Cohen told the judge she’s “never seen anything like this in my life.”
“The handwritten journals were created for this case to cover up the fact that the journals were created for Netflix,” said Cohen, who took over Cherwitz’s defense in January. “It is beyond comprehension how the Government can still say that these handwritten journals are real.”
Cohen said they needed an evidentiary hearing to avoid “a mini trial” about whether Blanck lied in testimony and to federal agents.
That’s when Judge Gujarati ordered prosecutors to file a brief detailing their explanation for the journals “because I’m hearing the defense say that it is just so obvious that these original journals are not authentic in terms of contemporaneous, and I’m hearing the Government say they are.”


Prosecutors said the government obtained information after the Feb. 26 hearing that changed their view and “the government no longer maintains that the disputed portions of Blanck’s written journals are authentic.”
“Furthermore, should the government call any witness at the forthcoming trial to testify, and knows that witness has provided false testimony, the government will comply with its duty to correct any such false testimony,” according to Thursday’s letter.

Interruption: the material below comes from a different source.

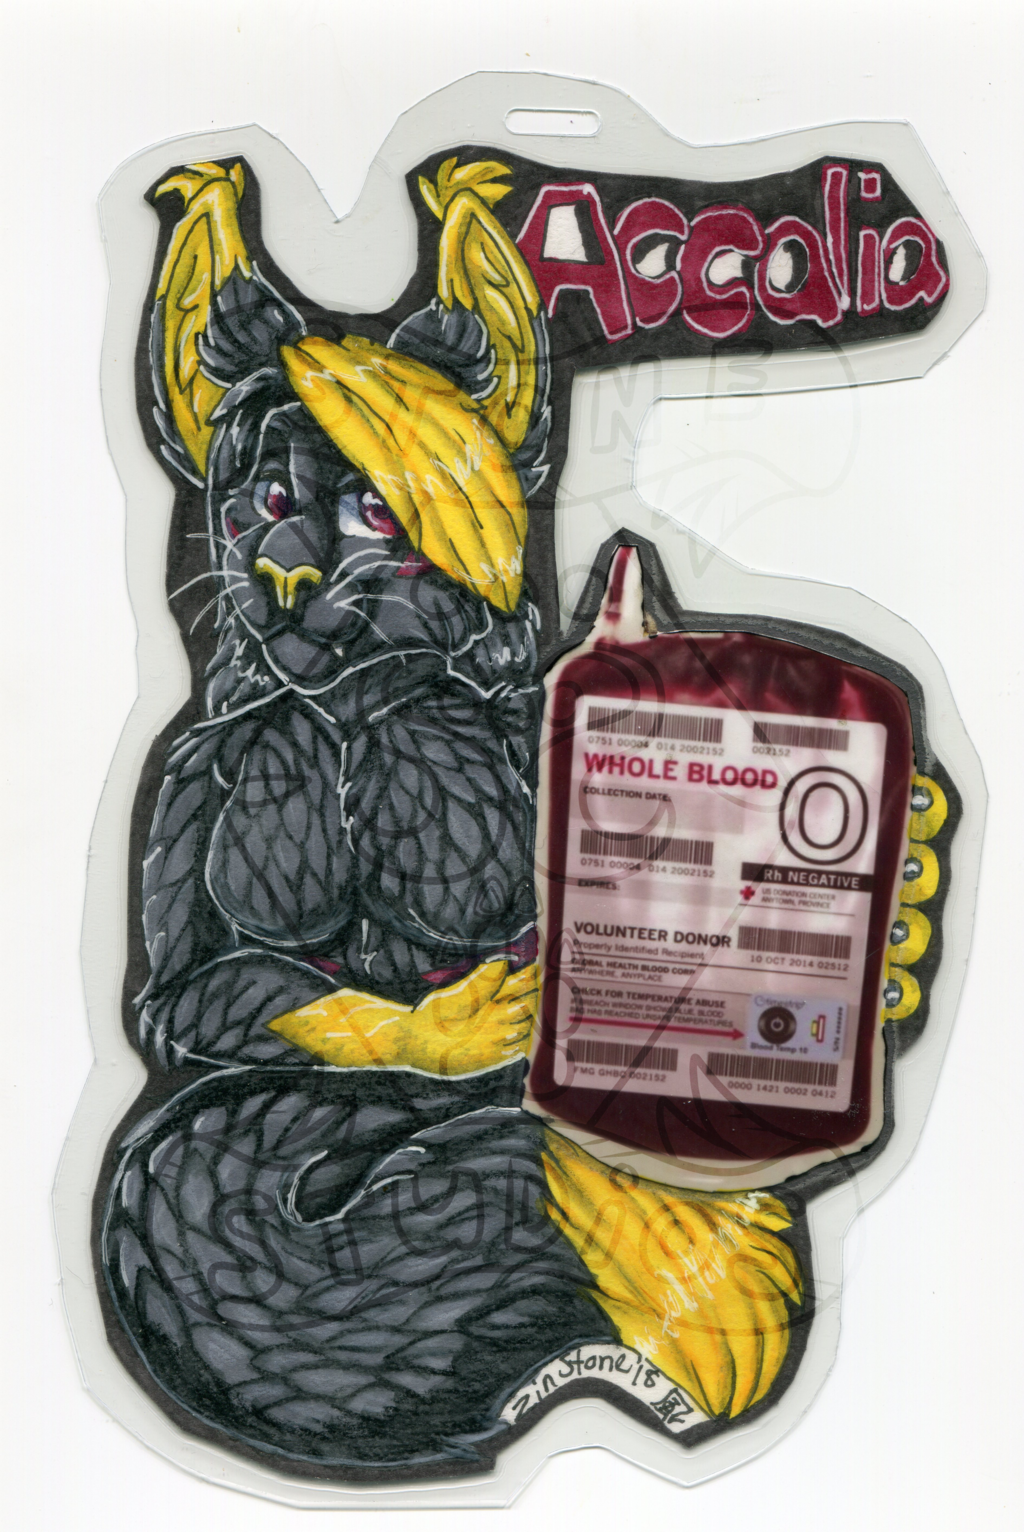 Accalia Drink Badge - AC2018

Prosecutors and the FBI interviewed Ayries Blanck about the journals on March 7, then interviewed Autymn Blanck on March 10. They spoke to Autymn again on March 11.
Prosecutors said Blanck acknowledged what the defense had long argued: The handwritten journals were written after the digital journals were edited for Netflix, not before.
“As the government has outlined herein, prior to March 2025, Blanck repeatedly maintained to the government that she wrote the Handwritten Journals in and around the time she left OneTaste, and the Typewritten Journals were based on the Handwritten Journals—even when pressed by the government on multiple occasions. Her account was corroborated by her sister,” according to the filing from Kassner and Assistant U.S. Attorneys Kayla Bensing, Nina Gupta and Sean Fern.
“However, upon continuing to be pressed by the government regarding the journals, Blanck has since acknowledged that she physically copied the relevant portion of the Handwritten Journals after typing the Typewritten Journals,” prosecutors wrote.
Cohen and Robotti called the filing “extraordinary” and prosecutors’ admission “startling.”
“In short, the government has admitted that Blanck committed federal crimes, by falsifying evidence and lying to federal agents, and that the government relied on those lies and false evidence in prosecuting the defendants,” their letter says. “The government does not indicate whether it will investigate and prosecute Blanck, nor whether it will drop the charges against the defendants. But it should immediately do both.”
The attorneys said the government “did not live up to its obligations to do due diligence on its witnesses’ false claims before presenting her testimony; rather, it repeatedly took Blanck’s word for it that the journals were authentic, even after the defense presented concrete evidence in December 2024 that they were not.”
“But for the defense’s efforts, the government would have presented perjured testimony from its star witness at trial, potentially leading to a wrongful conviction of the defendants,” Cohen and Robotti wrote.
Bonjean’s letter on Friday addressed Agent McGinnis’ conduct and the defense’s belief that he tried to hide the fact that the journals were written much later than prosecutors said. Bonjean said they recently learned McGinnis had the hard drive with the digital journal entries “for over two months prior to charging it into evidence.”
They said this “lends strong support to Defendants’ theory that he may have scrubbed it of exculpatory evidence.”
“Given the inexplicable delay in inventorying the hard drive and McGinnis’ pattern of obstruction in this case, Defendants must be afforded a hearing to explore these reasonable inferences.”
Judge Gujarati had not addressed the filings as of late Sunday.